When checking the code of Connect method it even looks like client callback is singleton communicating with all 48 services, isn't it? What concurrency mode is used on that callback? If concurrency mode is single there can be timeout problems when calling the callback because message size is set to 16MB. If all 48 processes sends 16MB message in the same time they will be queued and processed in FIFO order. Default settings demands processing within 30s otherwise timeout exception occures and channel is faulted. If the concurrency mode is multiply there still can be some synchronization problems inside callback implementation.

Ladislav Mrnka
I Agree, WCF exposes very little information when it comes to debugging. As far as I know, you'll get this exception if you re-use a proxy client or channel after a fault as been thrown. Make sure to use SvcTraceViewer.exe too. Good luck.
Maxime
There are 48 services running within a single application on the host PC. There are (up to) 48 separate remote processes running on 4 other PCs. I am currently using ConcurrencyMode as single for both ends of the communication.

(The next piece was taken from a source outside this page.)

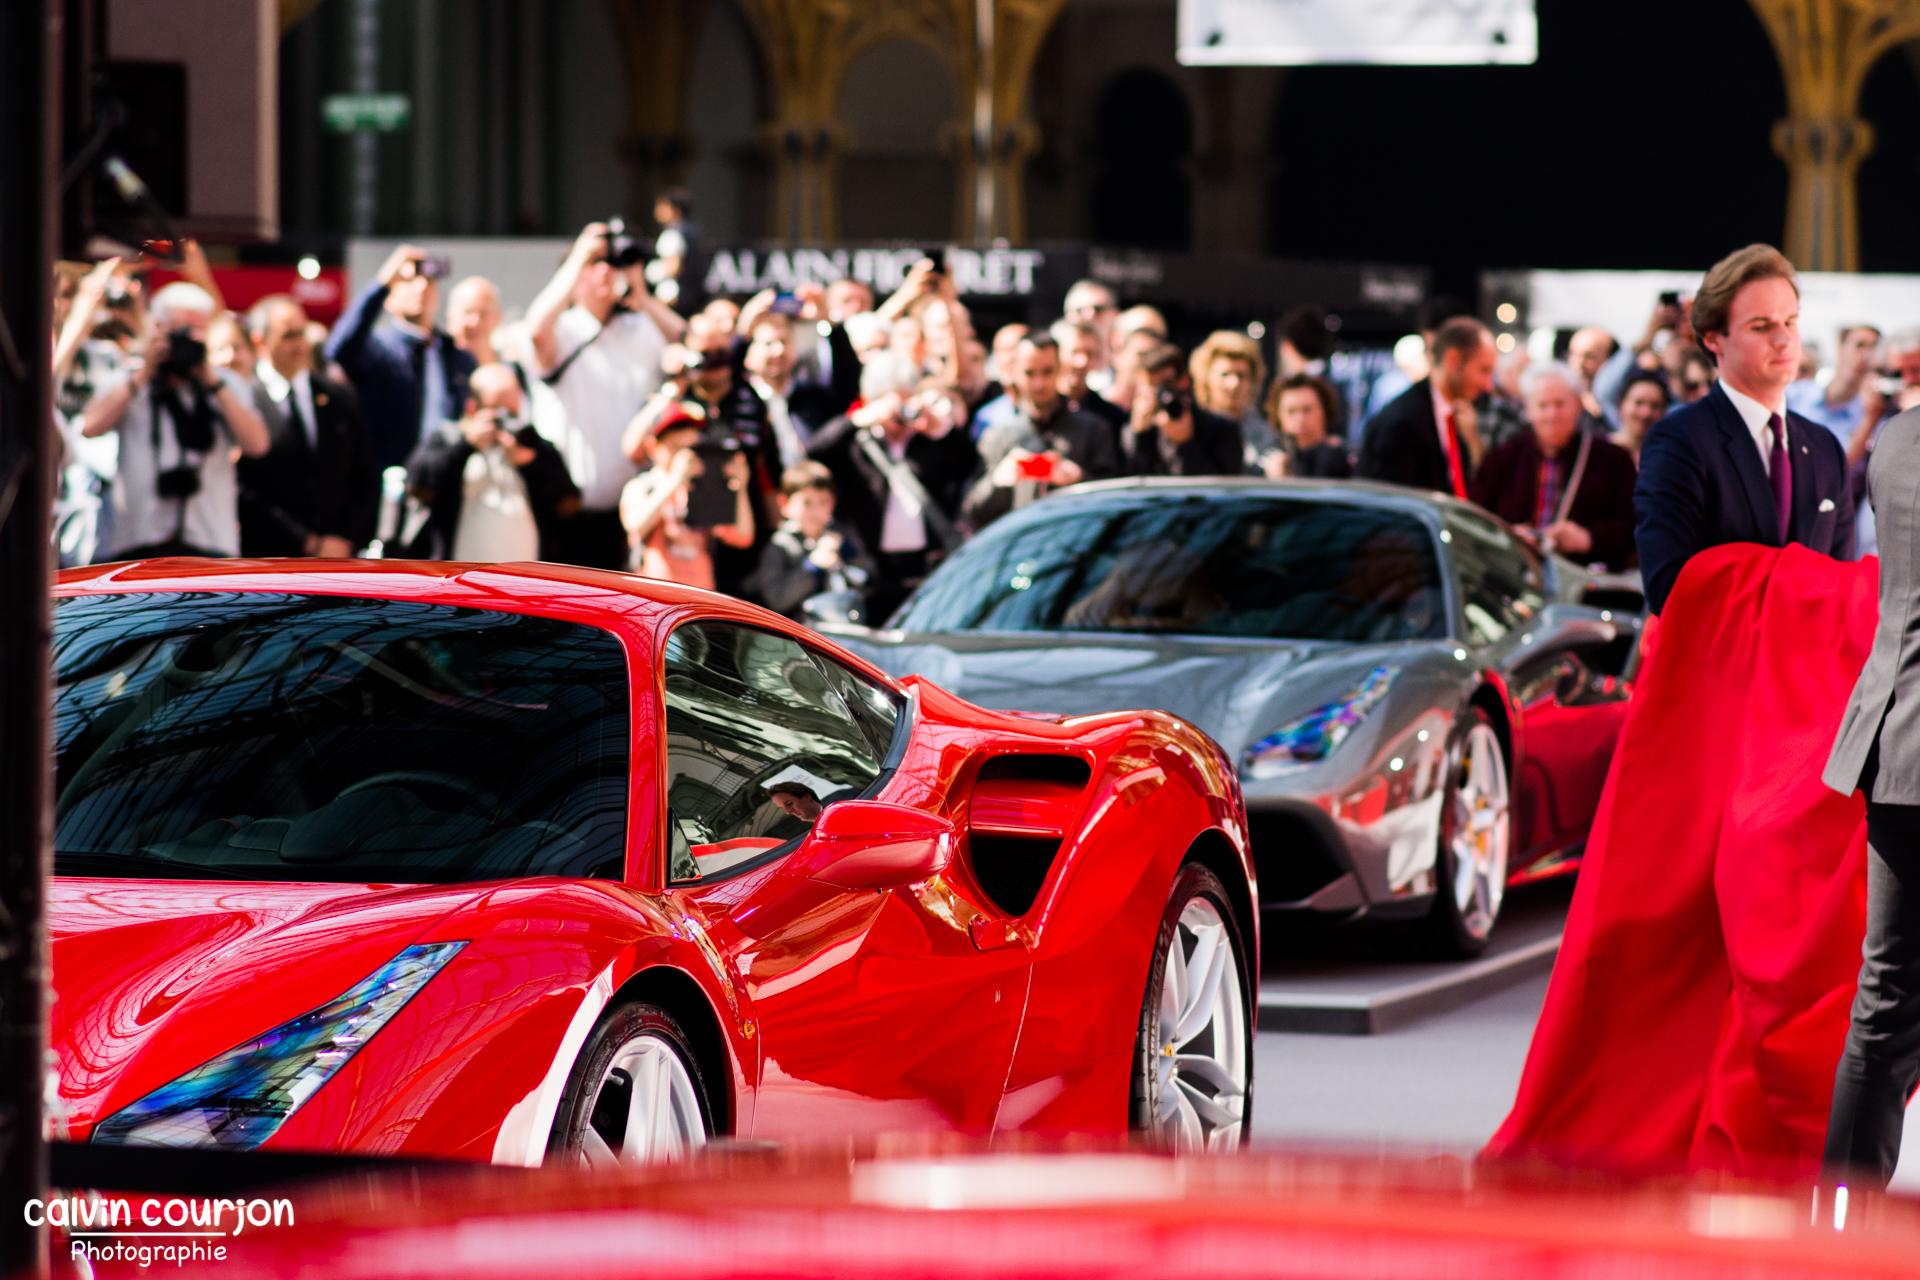 Ferrari 488 - Tour Auto 2015 - Calvin Courjon Photographie

The part about needing to be processed in 30s fits in with what appears to be happening.
MGSoto
The 16MB was the problem, we were completely overloading the network and systems at one point during our tests. Thanks for helping us (me and Firoso) figure out the issue, we have since reduced it to 128KB, and there have been no further issues.
MGSoto
A: 

I can help you find out why the connection is faulted:

There is an issue with WCF where if the channel is faulted, calling Dispose() results in a CommunicationObjectFaultedException (which is what your stack trace shows). After a Channel enters the faulted state Abort() should be called rather than Close(). Unfortunately a WCF client’s Dispose() calls Close(). This means that how you would normally handle a disposable object in C# (like wrapping them in a using statement) is a bug. Here’s Microsoft's official description of the issue.

Your code isn’t showing how you are doing resource clean up, but I’ll bet this is your issue. So in the short term: Catch and log your exception before any WCF resource is disposed (remember that disposing your ChannelFactory automatically disposes all of the channels it created). This will give you a meaningful error message.

In the long term I personally suggest a WCF client wrapper that implements Dispose() correctly.

ErnieL
Do you see any using statement in mentioned code? When dealing with Duplex communication proxy is long living and using is not used. But yes you are right that CommunicationObjectFaultedException is fired when you want to call anything except Abort on faulted channel.
Ladislav Mrnka
+1  A: 

Your channel can be in faulted state if you do not wrap service exceptions in to FaultException or FaultException<T>:

http://blogs.msdn.com/b/pedram/archive/2008/01/25/wcf-error-handling-and-some-best-practices.aspx

I assume what that some other service call throws an exception, the channel is faulted and then you get the exception that you describe, when you attempt to ping the service.

Stefan Egli